Он поднял голову и оглядел меня с ревностью обманутого мужа.
– В общем, ты хочешь, чтобы я принял все как есть, – пробурчал он. – Ты считаешь свои каждодневные визиты к Мариусу Петипа частью ремесла, которое объединяет вас обоих!
– Точно так.
– А я… Я теперь лишен ремесла!.. Ты мне ставишь это в укор?
– Зачем же… Нет, конечно! Как ты мог о таком подумать?
– Так вот и мог! Ты упрекаешь меня в том, что я еще жив и ничего не делаю…
Я так и взорвалась! Тем более что он опять успел наклюкаться.
– Я никогда не упрекну тебя в этом! – вскричала я. – В твои годы ты заслужил право на это…
– Так чего же ты тогда хочешь от меня?
– Ничего!
Он налил себе очередной стакан водки, выдул залпом, поцокал языком, погладил графин кончиками пальцев и пробурчал:
– Так не это ли гонит тебя прочь от нашего дома?
– Нет, конечно!
– Ты бы хотела, чтобы я меньше пил, чтобы вовсе бросил!
– Если ты бросишь пить, я скажу тебе «браво»! Но если и продолжишь, я не стану прятать от тебя бутылку!

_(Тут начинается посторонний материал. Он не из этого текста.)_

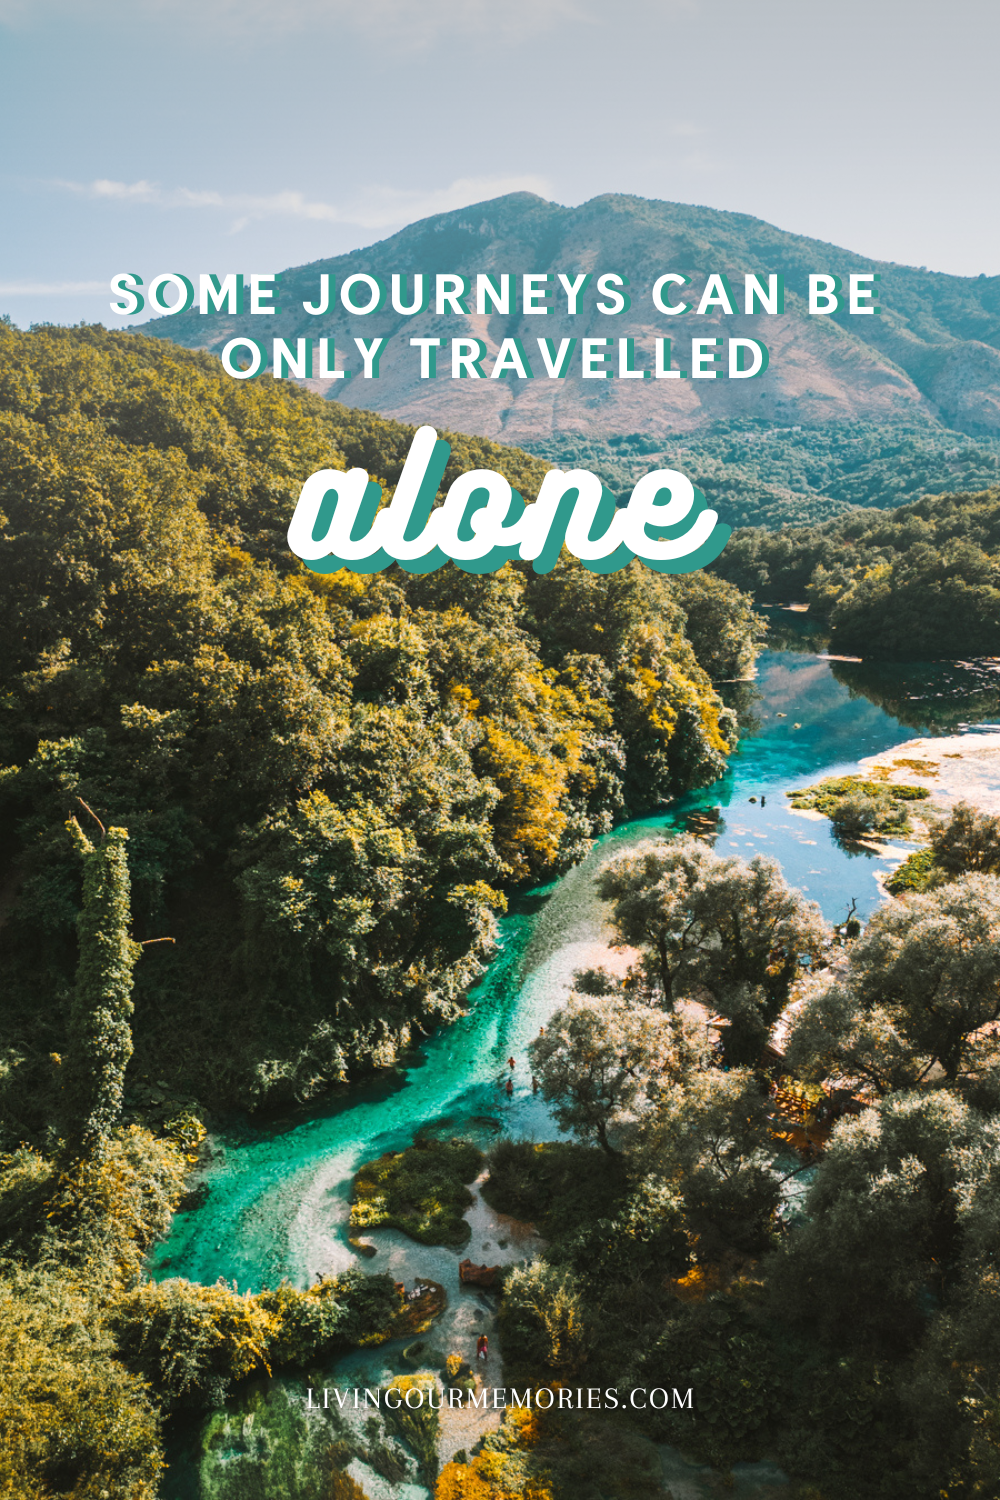 Alone captions for Instagram - Some journeys can only be travelled alone.

Она ведь создает тебе уверенность, мне так кажется!
Родитель ничего не ответил. Мы продолжили нашу трапезу молча, не обмениваясь более взглядами. Размышляя о семействе Петипа, в котором царили веселье и гармония, я почувствовала стыд из-за того, что так сдружилась с этими чужеземцами, отдалившись от отца родного. Необходимость кем-то восхищаться и кому-то поклоняться решительно влекла меня к первым, но дочерняя жалость тянула к последнему. Раздираемая этими двумя противоположными склонностями, я сопоставляла своего кровного отца, который деградировал ото дня ко дню, со своим духовным отцом, над которым не были властны ни время, ни происходящие события. И было очевидно, что своего духовного отца я предпочитала кровному. Меня явно более тянуло к символу успеха, чем к опустившемуся неудачнику. Я была более расположена аплодировать, чем высказывать жалость, более настроена стремиться вперед по жизни, чем предаваться воспоминаниям. Мне недостало мужества возобновить разговор с отцом после того, как Аннушка убрала со стола. Попрощавшись с несчастным моим родителем ритуальным вечерним поцелуем, я выбросила из головы все, что не относилось к «Щелкунчику», уже предвкушая восхитительный вечер, проведенный в забавном волнении среди игрушек маленькой Клары.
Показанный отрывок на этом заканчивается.